Food waste collection

Put your bin out the night before

Make sure your food caddy is out by 6am on your collection day.

We suggest putting it out the night before.

Food waste is collected every week

In Bracknell Forest food waste is collected every week.

Use our collection day finder to find what day your collection is.

What goes in your caddy

You can put all food waste without packaging in your caddy.

What can and cannot go in your food waste bin
Yes No
raw and cooked meat and fish (including bones) packaging
cheese, eggs, eggshells and yoghurts cutlery
cooked and uncooked vegetables, fruits and peelings disposable plates and cups - even if labelled as biodegradable
bread, cakes and pastries garden waste
tea bags and coffee grounds pet waste
dry and wet pet food anything that is not food
cooking oil - pour into a sealed plastic bottle and place in your outdoor food caddy liquids such as milk (cooking oil is allowed in a plastic bottle)

How to use your caddies

Indoor caddy

Keep your small caddy inside and put your food waste in it.

If you have small children or pets, it might be useful to keep it in the locked position.

Outdoor caddy

When your indoor caddy is full, empty it into your larger outdoor caddy.

Make sure this one is always in the locked position. 

Caddy liners

You can line your indoor food caddies with the roll of liners.  When these run out you can use bags left over from other food such as bread bags.  There is no need to buy compostable bags as all bags will be removed before the food waste is processed and sent to a different waste plant for energy recovery.

You can choose not to line the caddy at all, just remember to regularly wash both caddies.

Where to put your caddy for collection

Kerbside

If you put your other bins on the kerbside, put your food caddy in the same place.

Private roads

If you live on a private road, put your food caddy in the same place as you put your other bins.

Collection point

If you have a communal collection point and you do not live on a private road, leave the caddy at the edge of your property boundary.

Report an issue

To report an issue, such as a missed collection, a broken caddy, or a missing caddy, visit our bin issues page.

Report an issue

Flats

We are looking into introducing food waste collections in up to 20% of the borough’s flats.

Each block of flats will be assessed before this is introduced to make sure a communal food waste bin can be accommodated.

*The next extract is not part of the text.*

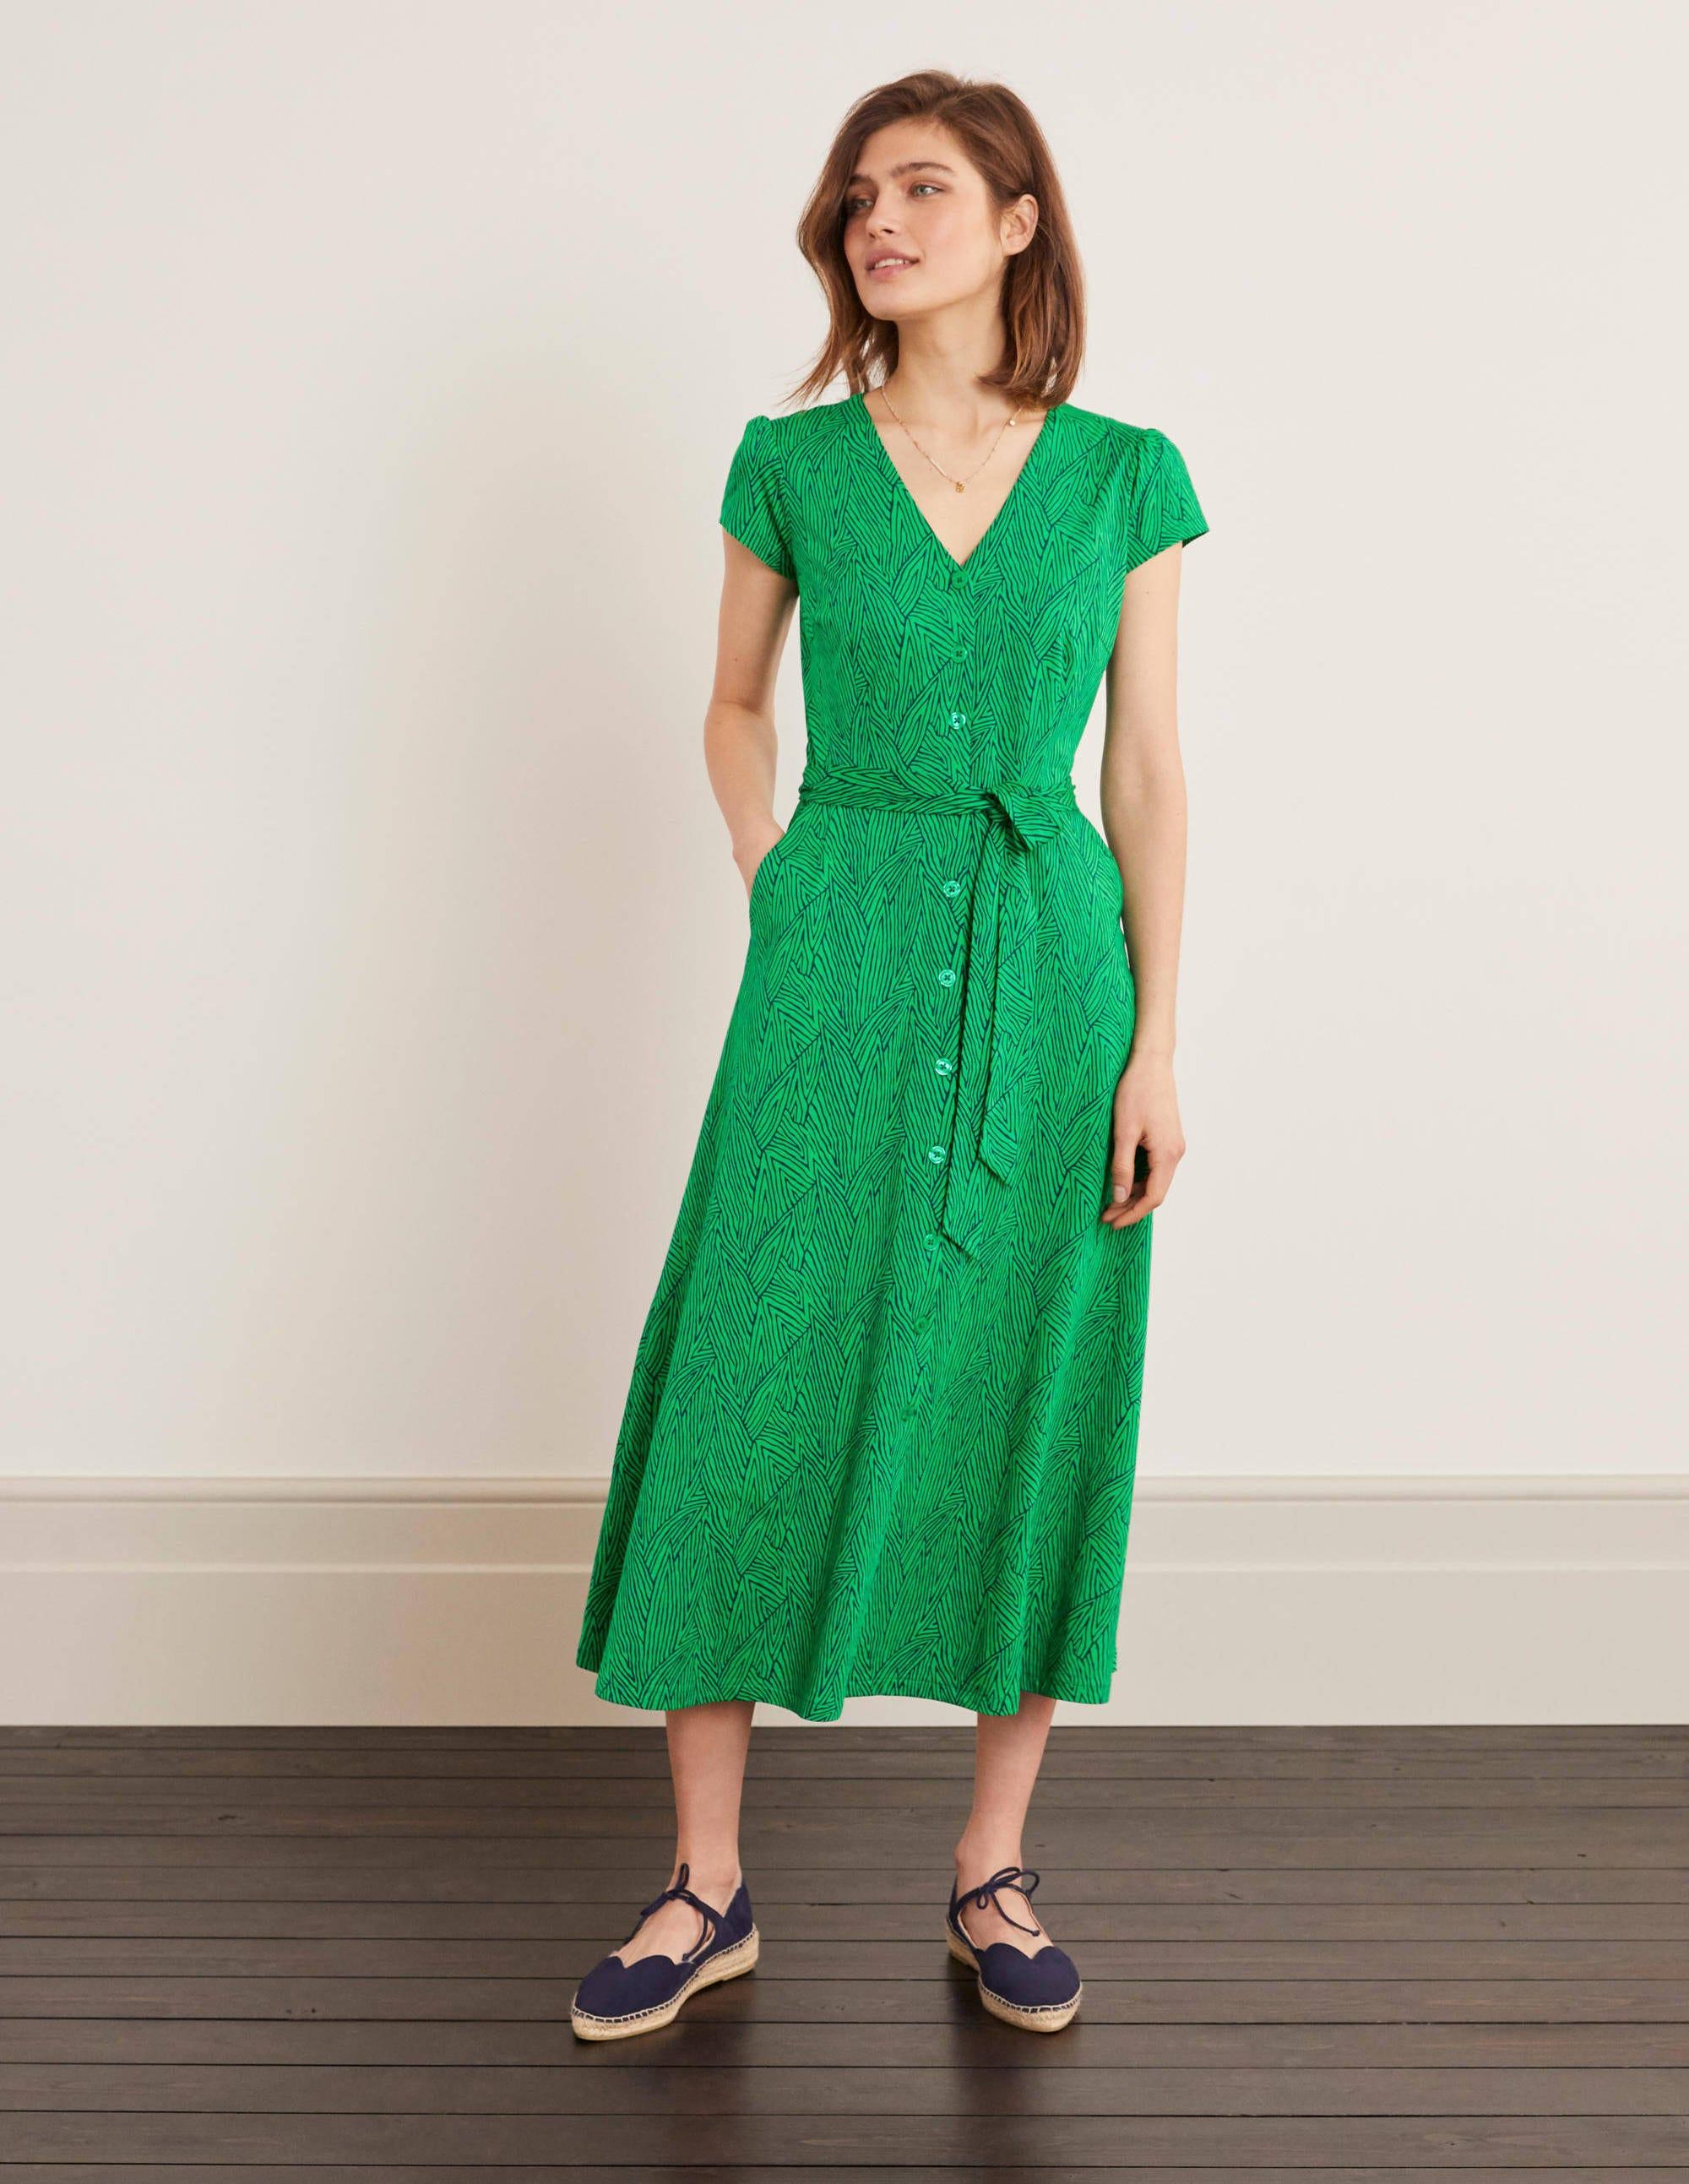 Frances Midikleid aus Jersey - Sattes Smaragdgrün, Tropenblatt
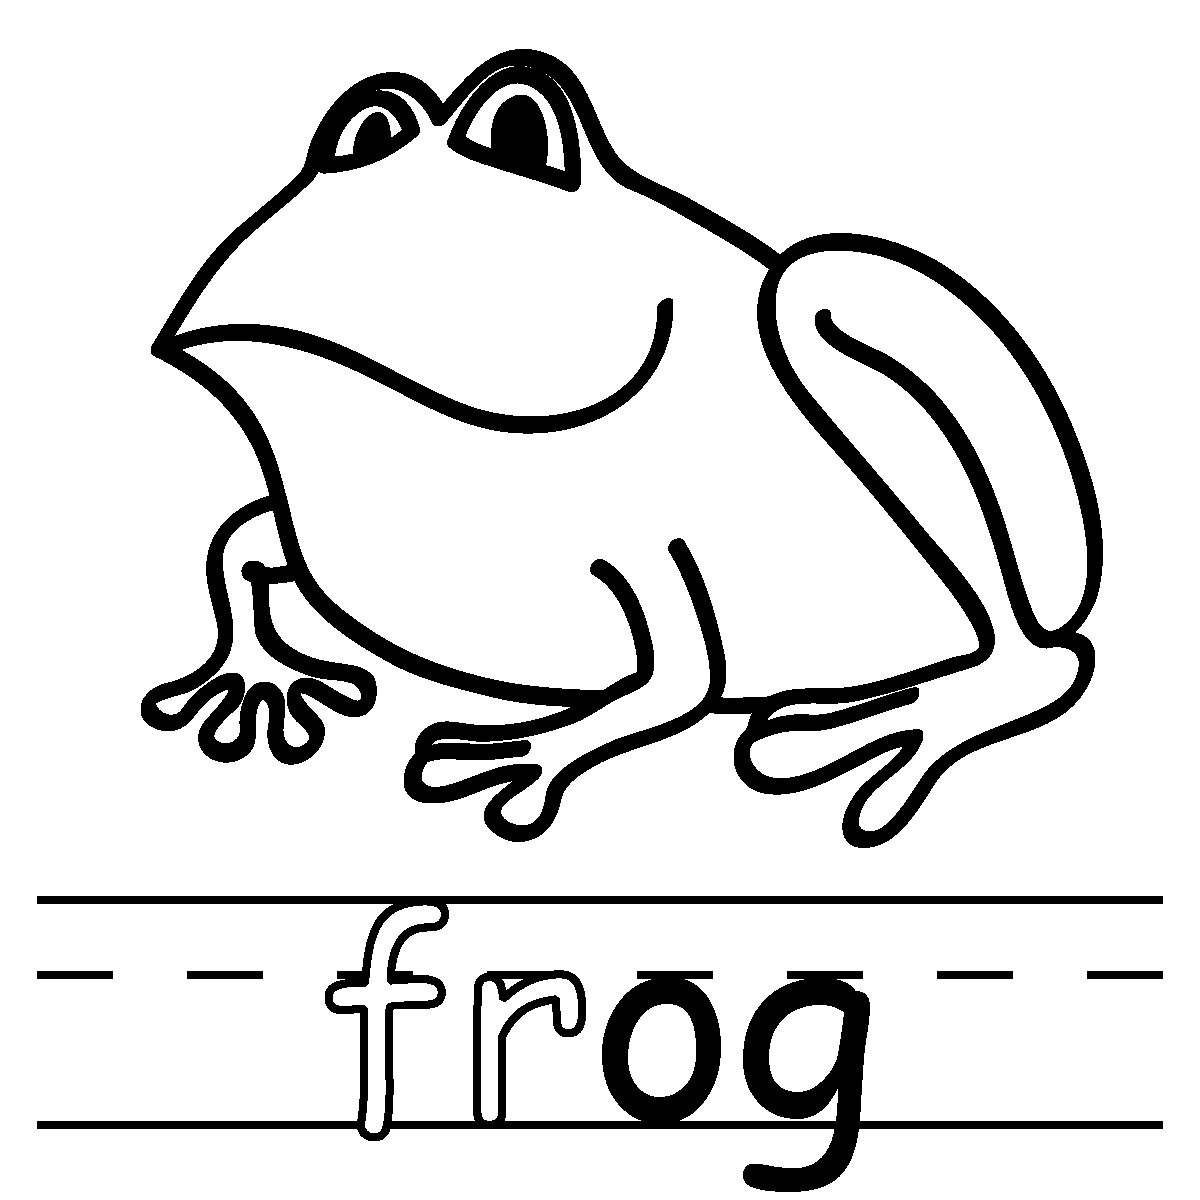 1200x1200 Amphibian Clipart Coloring Page

We will also need agreement from the management agent that they will take responsibility for cleaning the communal food waste bin.

Benefits of food waste collections

There is an international climate change crisis and we are committed to taking steps to tackle this across our services. This includes encouraging and enabling more recycling.

We already recycle 43% of all waste but we know with food waste collection that could go up to around 50% in 2021 and 65% by 2030.

Putting rubbish into landfill not only wastes money, it also contributes to air pollution and to the long-term effects of climate change. We currently landfill 7,800 tonnes a year. Through food waste recycling we aim to reduce that by 50%.

In the first year of food waste collections, we collected over 6,000 tonnes of food waste in Bracknell Forest.